A message was posted in a motorcycle conference recently which argued that we should abandon the '2-second' rule (distance between bikes in the same track - distance between each bike in the group being half that) and possibly double it to increase safety.

Yes, that will certainly increase safety, generally, but it results in a group that is spread so far out that it introduces new safety problems - like it encourages cagers to dart into the gaps between bikes.

But there are times where the '2-second' rule makes no sense whatever. To begin with, it must be realized that there is a set of implicit assumptions that goes along with adopting that rule. Most important of these is that the skills/experience level of the individual riders is about at par with each other. Additionally, but often overlooked, is the absolute assumption that you are riding on dry level pavement! (More importantly still, that you have UNOBSTRUCTED VISIBILITY.)

It has been well documented that it takes the average person almost 1 full second to recognize and then to react to an UNEXPECTED threat. (About 1/2 second if the threat is anticipated.) The '2-second Rule', in other words, provides 1 full second of distance between bikes in order to provide sufficient time for following bikers to recognize and react to unexpected threats.
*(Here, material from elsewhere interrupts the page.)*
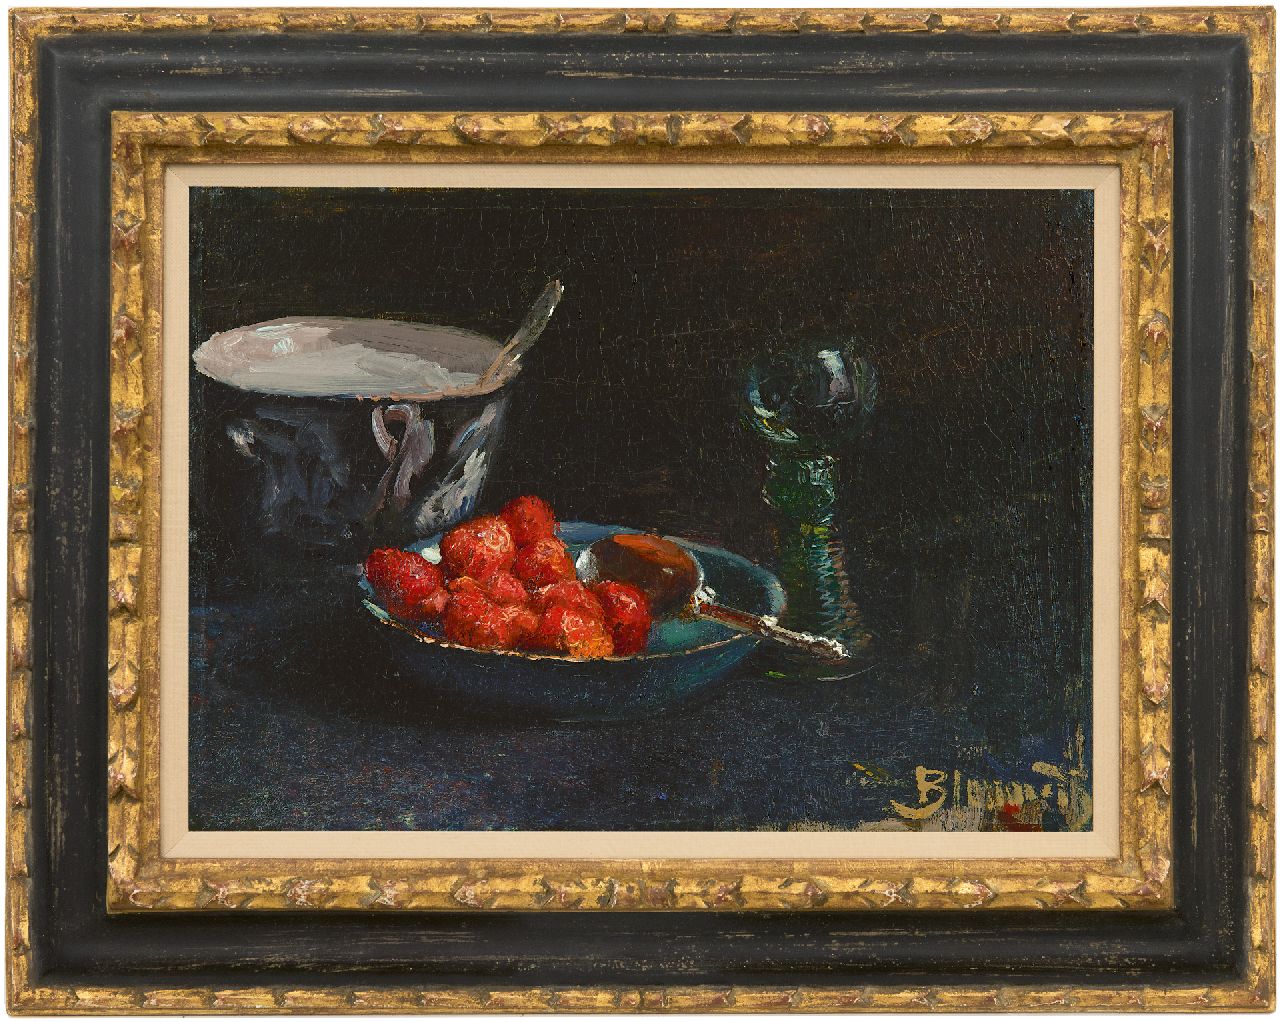 Blommers B.J.  | Bernardus Johannes 'Bernard' Blommers | Paintings offered for sale | Strawberries with whipped cream and a Rhine wine glass, oil on canvas 28.8 x 40.0 cm, signed l.r. and painted ca. 1880

If all bikers in the group have roughly equivalent skills, then no matter what the driver ahead of you does - so long as he REMAINS IN CONTROL OF HIS BIKE - you should be able to do the same without running into him. This is true whether you are on wet or dry pavement and regardless of any pavement slope you are on. (In fact, this is almost true about the bike that is only 1 second ahead of you - that is, if he, for example, begins a panic stop then in 1 second you will also be able to begin a panic stop and you will be exactly where he WAS when he did so. You will both end up in exactly the same spot - he will have stopped before you get to him but you will be traveling at about 1 MPH when you do.)

However, the bike ahead of you is not the only thing that you might have to avoid hitting. Going down hill or riding on wet surfaces dramatically increases your stopping distance and is important should you have to avoid an obstacle in the road (pothole or vehicle), or the bike ahead of you that is no longer in control (highsided, for example.)

Since your tire traction is cut by as much as TWO-THIRDS on wet roads, clearly you should increase following distances substantially over what is safe on dry level roads. Similarly, sand or gravel covered roadways should cause you to stretch out those following distances. However, that is NOT because you have less time to react - the 2-second rule is to provide REACT TIME, and is NOT a function of traction.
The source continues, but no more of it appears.